Fallout Girl's Blog

Rise of the Phoenix

Radiation Level:  Half a Mile Deep

Listening To:  Aad Guray Nemeh by Snatam Kaur

Chi-Chi-Chi, Le-Le-Le!  As I write this, the last of the Chilean miners are being brought to the surface.  What an ordeal.  First to be trapped, no contact with the earth’s surface for 17 days, two spoonfuls of tuna every 48 hours and then to have to wait. Underground.  In the dark.  For two months.  Words that come to mind are courage.  Solidarity.  Faith.

Below is the capsule in which the miners would take a one-way ride.  It invokes the Greek myth of Orpheus, who after the death of his love Eurydice, traveled to the underworld to ask Hades and Persephone to bring her back to life.   They agreed that Eurydice could return with Orpheus to earth on one condition: he should walk in front of her and not look back until they both had reached the upper world.

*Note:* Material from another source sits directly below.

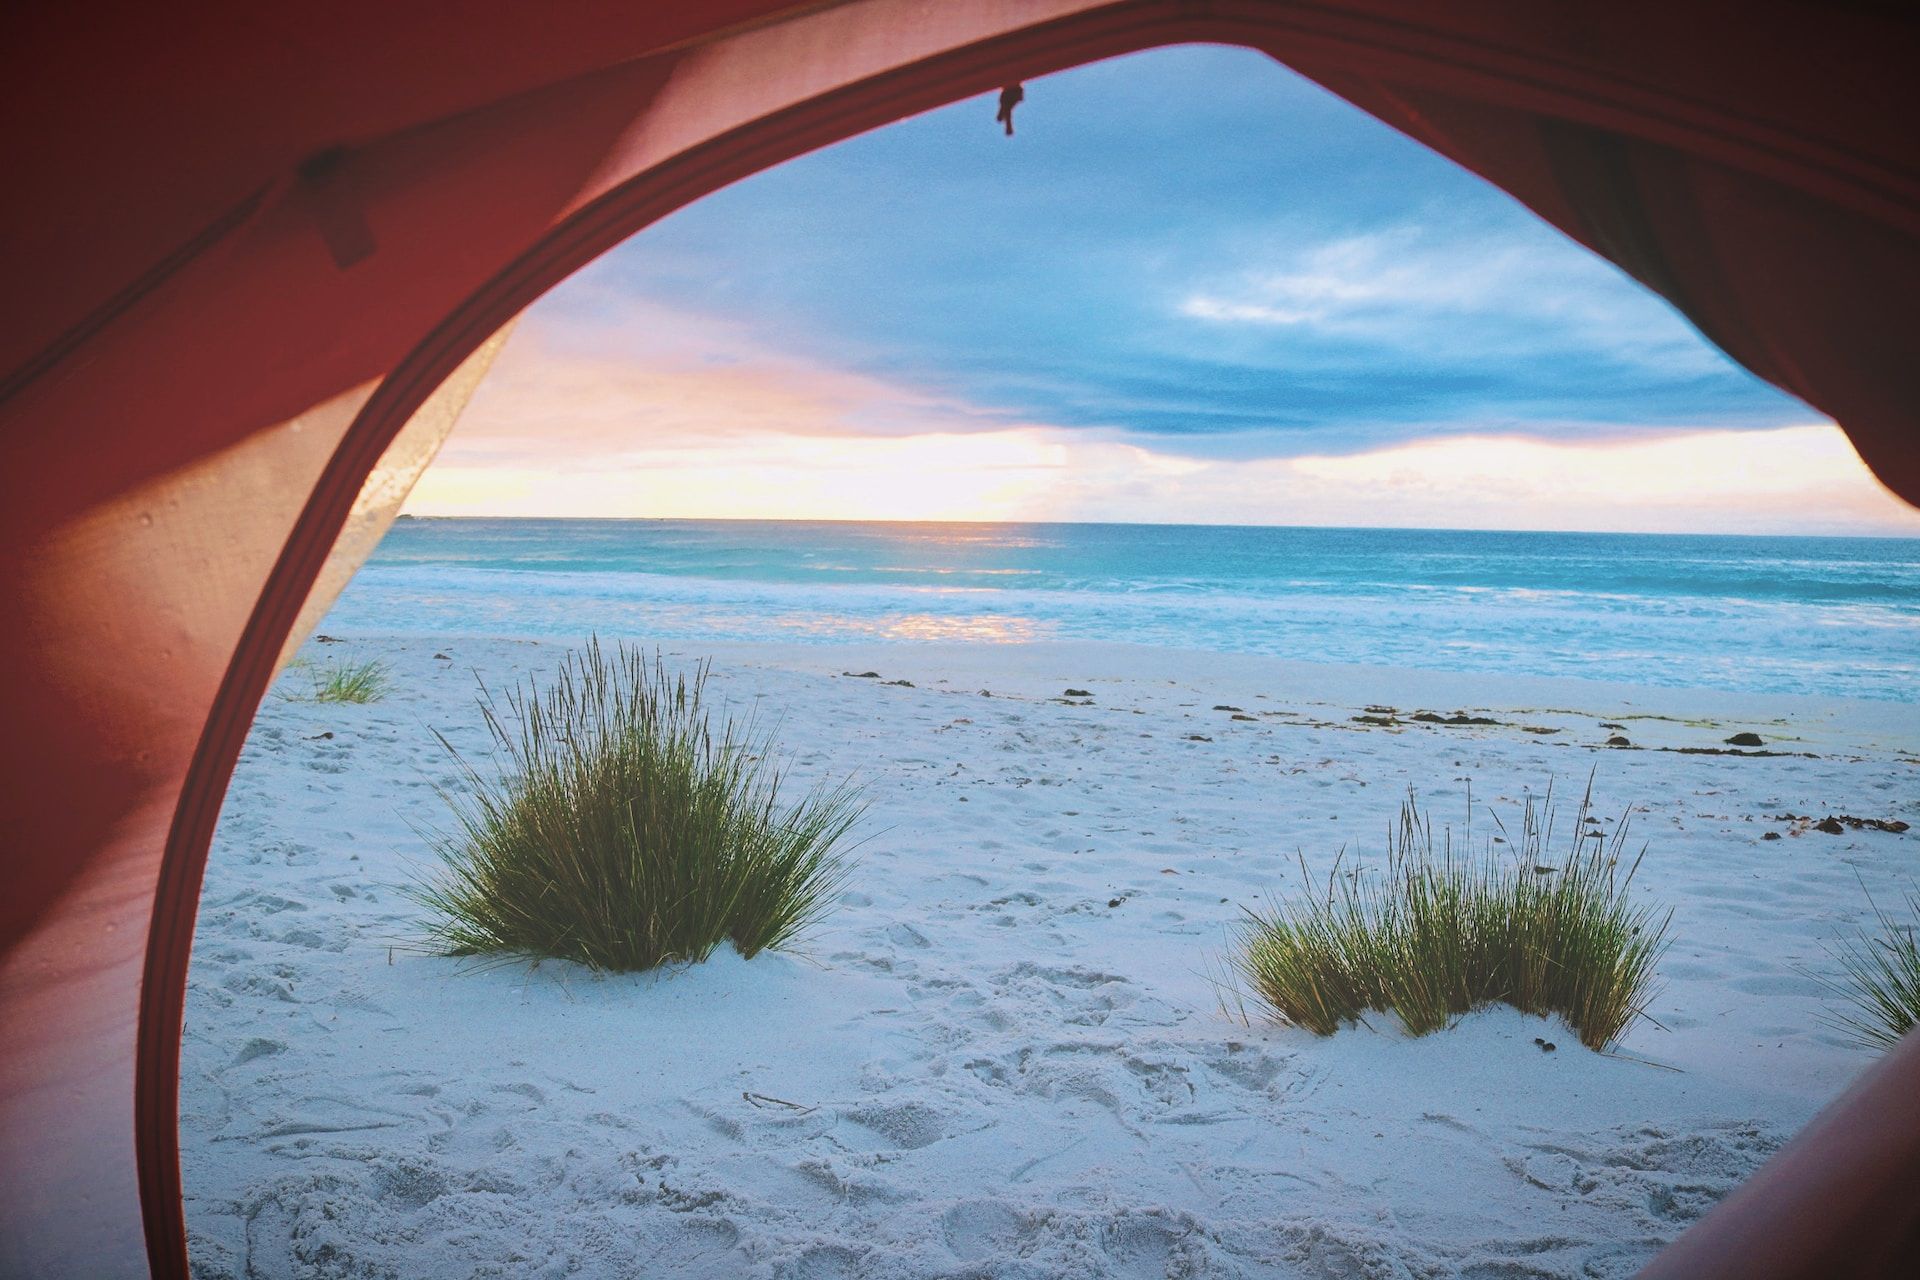 View from a tent set up on the beach
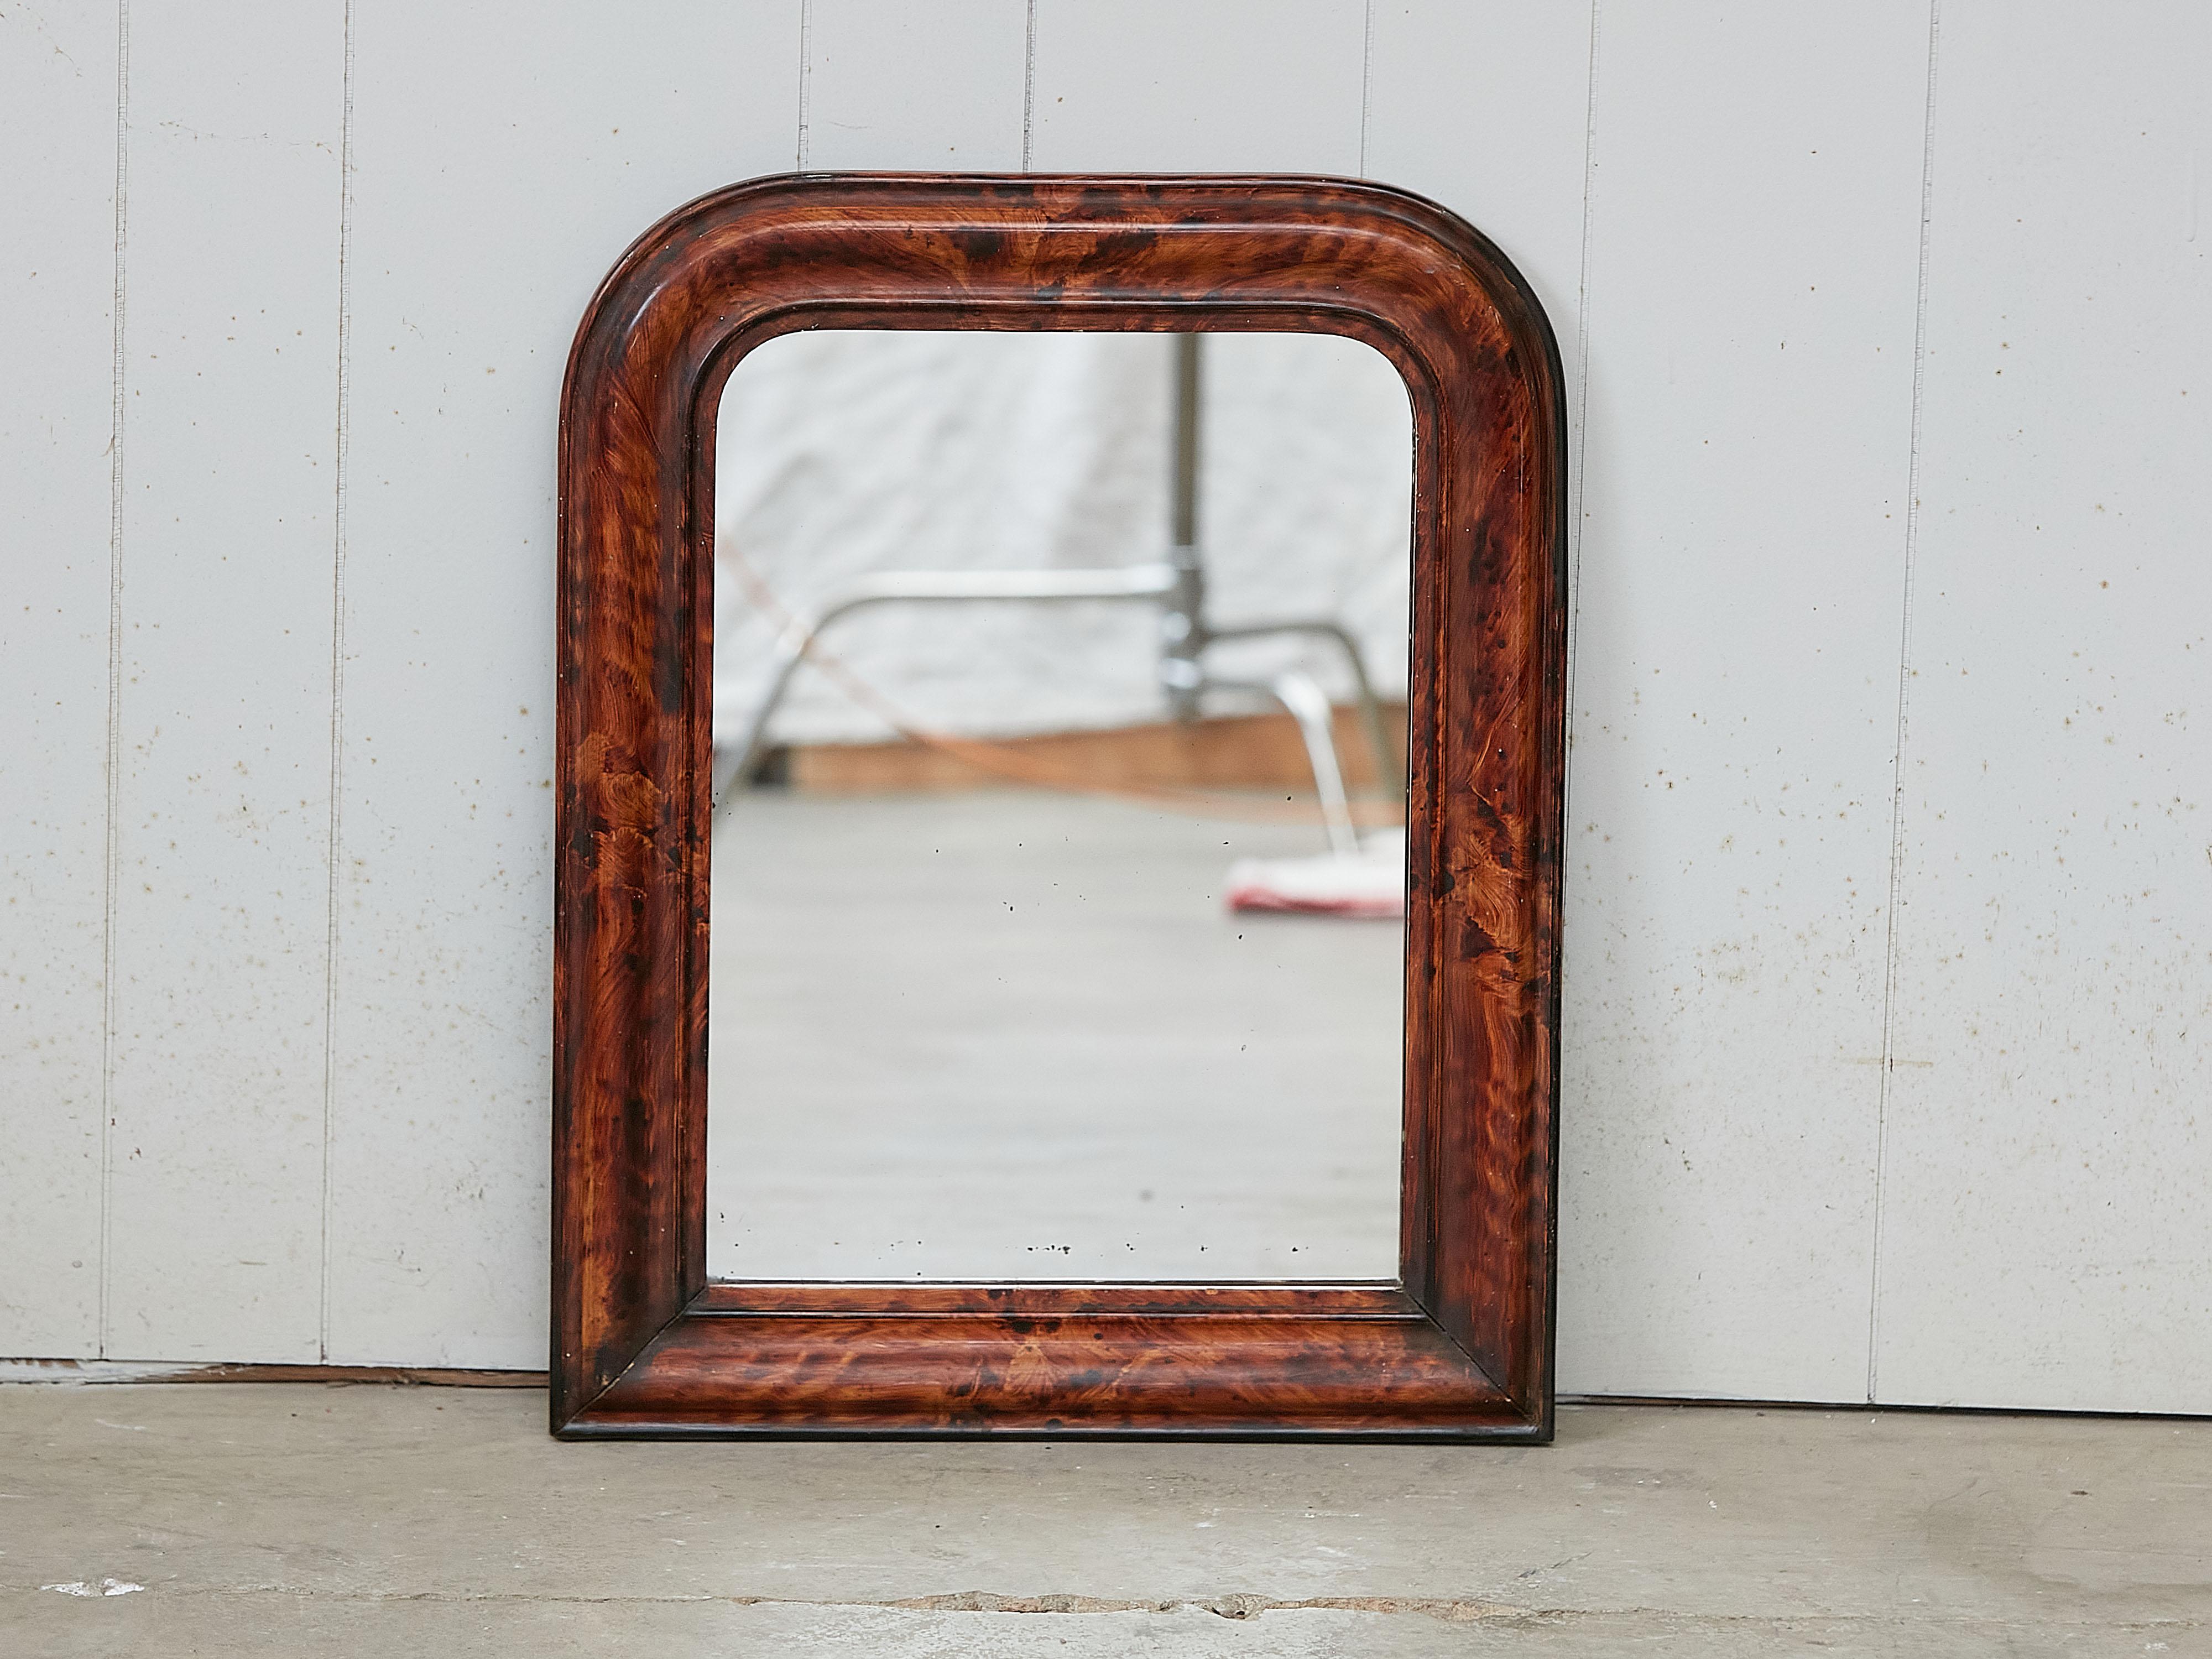 A small French Louis-Philippe style wooden mirror from the early 20th century, with faux tortoise style painted frame and rounded corners in the upper section. Created in France during the turn of the century which saw the transition between the

He set off with Eurydice following, and, in his anxiety, as soon as he reached the upper world, he turned to look at her, forgetting that both needed to be in the upper world, and she vanished for the second time, but now forever.

Kind of looks like Eurydice's getting sucked back into a mine. Hmm...

The Chilean miners never turned to look back, they had absolute, resolute faith in God, their country, the mine company and each other.  Let’s take a look at the Phoenix itself, named after the mythical firebird that combusts into flames and emerges, reborn out of the ashes.

As I get older, I get more and more claustrophobic, so I really can’t imagine a forced existence half-a-mile underground.  Pondering the smell of all those men turns my stomach.   Heat.  Humidity.  Fungal infections.  This wasn’t a pretty place to be.  But it has captured my imagination as a mythic story of rebirth.   It is remarkable these men are ALIVE.

I’ve been thinking about death and rebirth in a symbolic sense a lot since I started the Kundalini Yoga.  We chant SA TA NA MA which means:  Existence, Life, Death, Rebirth or, more simply, Infinity.  There is something about this mantra that gives me hope.  It reminds me that things can’t remain the same forever.  It is irrelevant that this might be both good and bad, pleasant and troublesome.  It is life as we know it.  It is us as life knows it.